4. Another important comment is about improving the discussion as the study extends the results of a recent meta-analysis on gait kinematics in Parkinson's, noting that medication seems to especially affect gait mechanics in people with falling PD (more than in non-falling PD). Explore these results further.

Answers: Thanks for your comment. We added the following sentences in Discussion and try to make it clear. They are as follows:

Dopamine replacement therapy may improve speed and stride length, as well as decrease step length variability corresponding to increased hip ROM, ultimately making gait more efficient. Although levodopa has been shown to improve bradykinesia and rigidity, treatment with levodopa increases postural sway abnormalities in patients with PD. It also has shown a limited response to levodopa replacement therapy during the late stages of PD. Motor complications including dyskinesia, motor fluctuation, and off dystonia could occur in advanced PD. Once dopaminergic therapy has been started, off dystonia may appear when there is a decrease in brain dopamine levels while levodopa-induced dyskinesia may compromise balance and contribute to postural instability and falls. Our patient who had dyskinesia also had a higher risk of falls.

5. Another important point is that the data related to the task of making the turn (changing direction) was not as determinant for fall risk as already found in the elderly. Discuss this point.

Answers: Thanks for your comment. Our study demonstrated that turning speed (m/sec) during the ‘off’ stage, but not the ‘on’ stage were significantly lower in those patients who had retrospective fallers group. Our study also highlighted the hypothesis that clinical disease severity mediates the relationship between turning speed and the risk of falling in patients with PD.  We added the following sentence in Discussion section and try to make it clearly. They are as follows:

Difficulty in turning is a well-known contributor to the risk of falling in older people. One study demonstrated that quality of turning, including mean turn duration, mean peak speed, and mean the number of steps to complete a turn, were was lower in recurrent-fallers compared to non-fallers and single-fallers. Our study demonstrated that turning speed during the ‘off-stage rather than the ‘on’ stage was significantly lower in those patients who had retrospective fallers group. In contrast to LRI in straight walking, LRI in turning walking did not show significant improvement after dopaminergic therapy. We also highlighted the hypothesis that clinical disease severity mediates the relationship between turning speed and the risk of falling in patients with PD.

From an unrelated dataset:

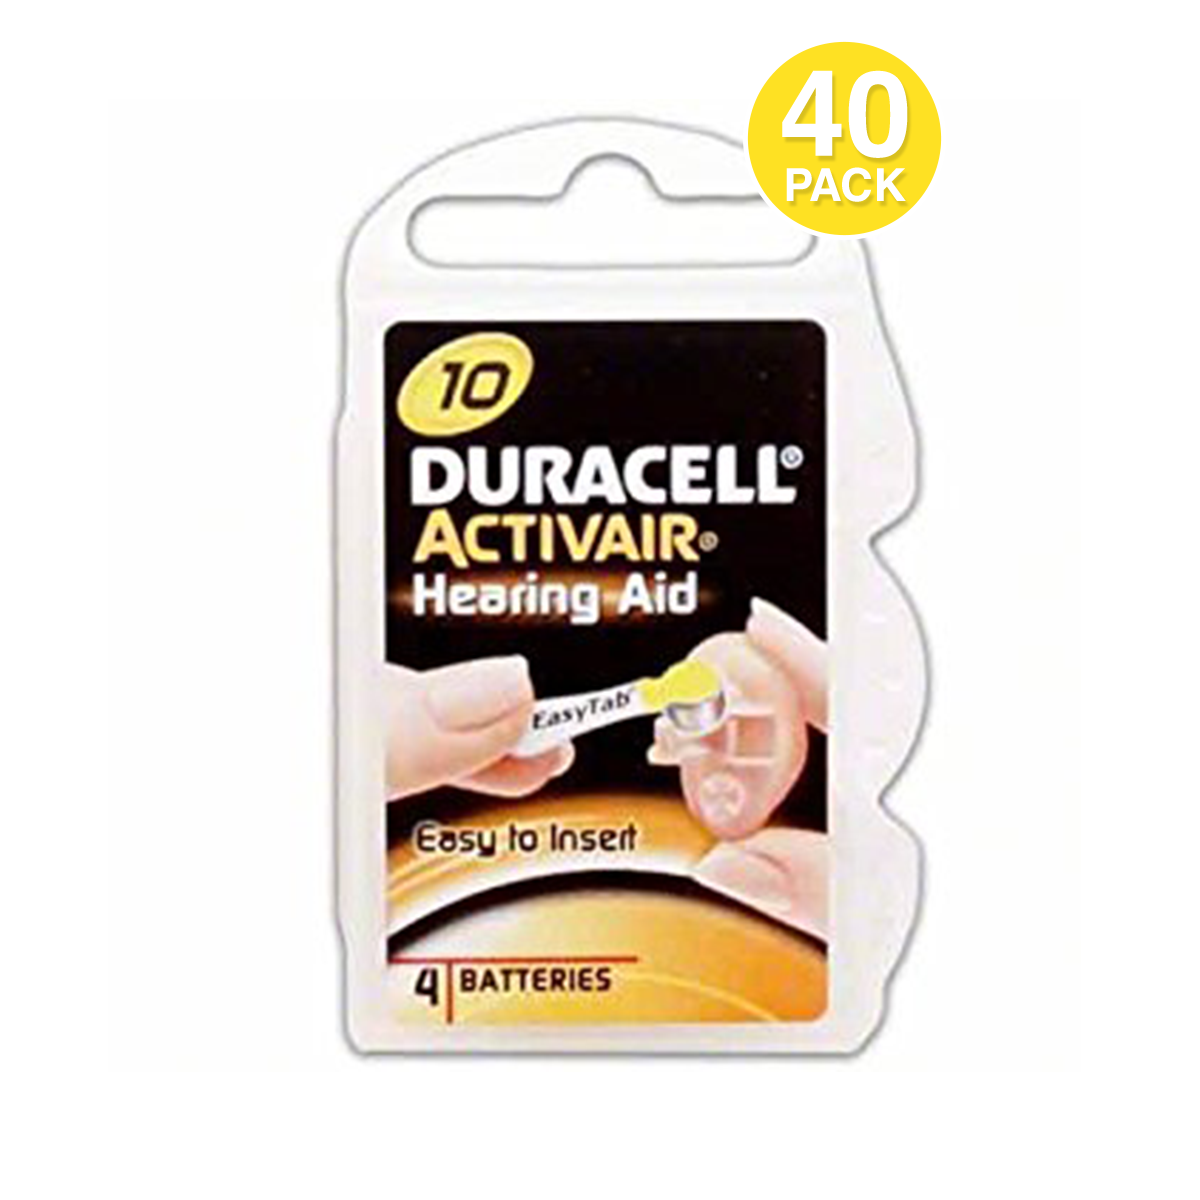 24x Duracell ActivAirHörgerätebatterienKnopfzellePR48Typ 13310mAh 
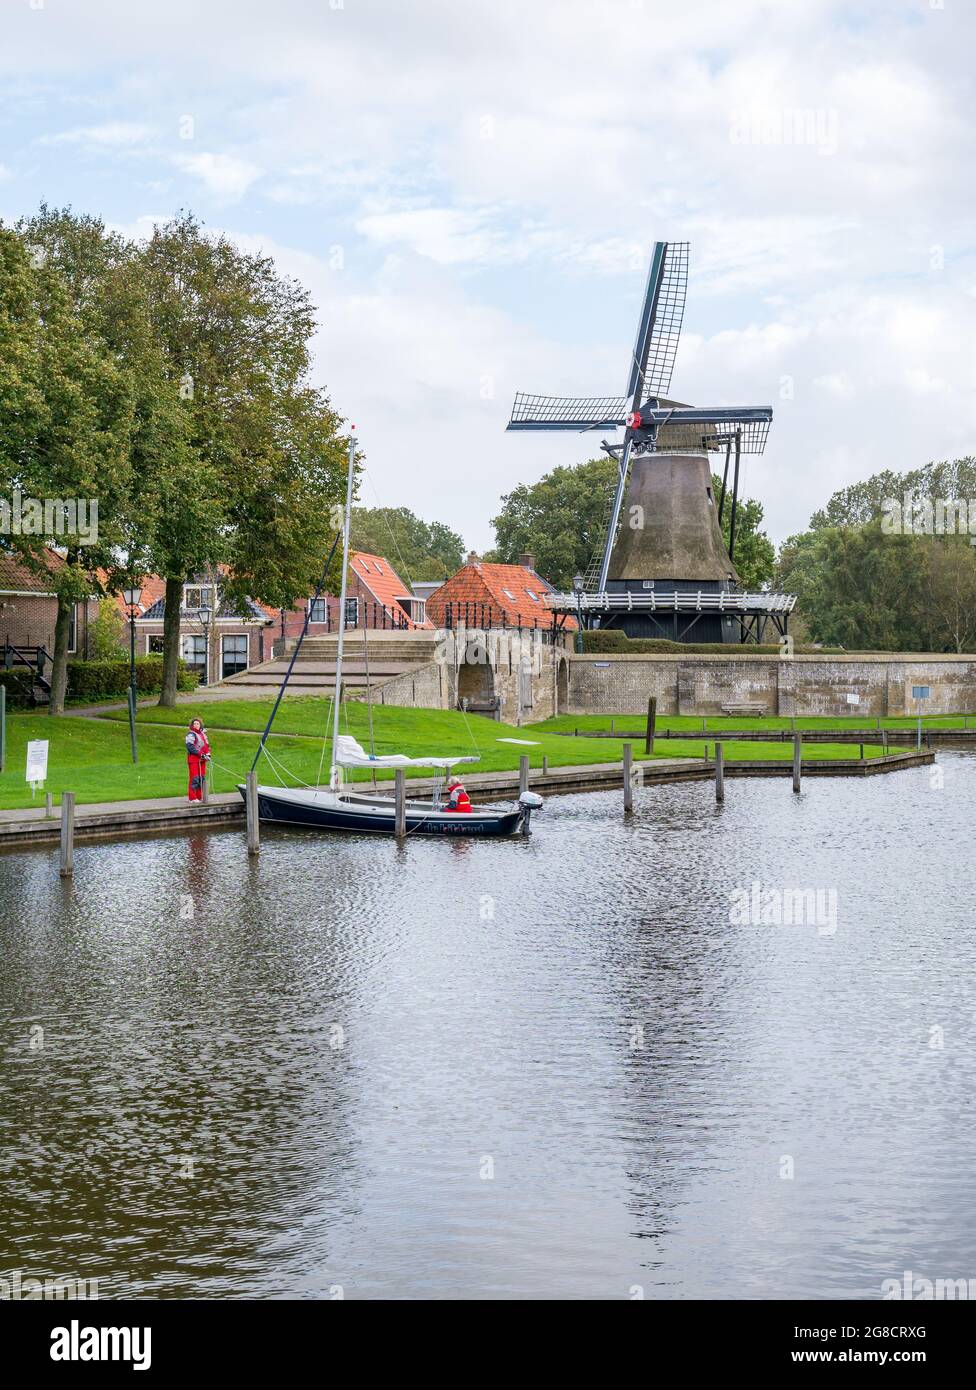 Moulin de Kaai et canal avec petit voilier dans la ville de Sloten, Sleat, à Friesland, pays-Bas Banque D'Images

6. Minor points: Lines 102-103 – I mean kinematic instead of kinetic

Answers: Thanks for your comment. We correct “kinetic” into “kinematic” according to your comment.

7. Table 1 – body mass instead of body weight. Please take more care when revising the draft because some letter/numbers are chopped with the line number.

Answers: Thanks for your comment. We correct “body weight” into “body mass” according to your comment.

Author Response File: Author Response.pdf

Round 2

Reviewer 2 Report

The paper improved. I found out some minor points, but these points do not preclude the acceptation of article.

Line 295, 297, 299, 300, elsewhere - walking instead of waking

Perhaps in table 2 consider highlighting the subtitles (on/off phases).

• consider letting s as abbreviation of speed, not sec (table 2, 5 and elsewhere)
• minor minor comment: space before parentheses in table 2 and elsewhere.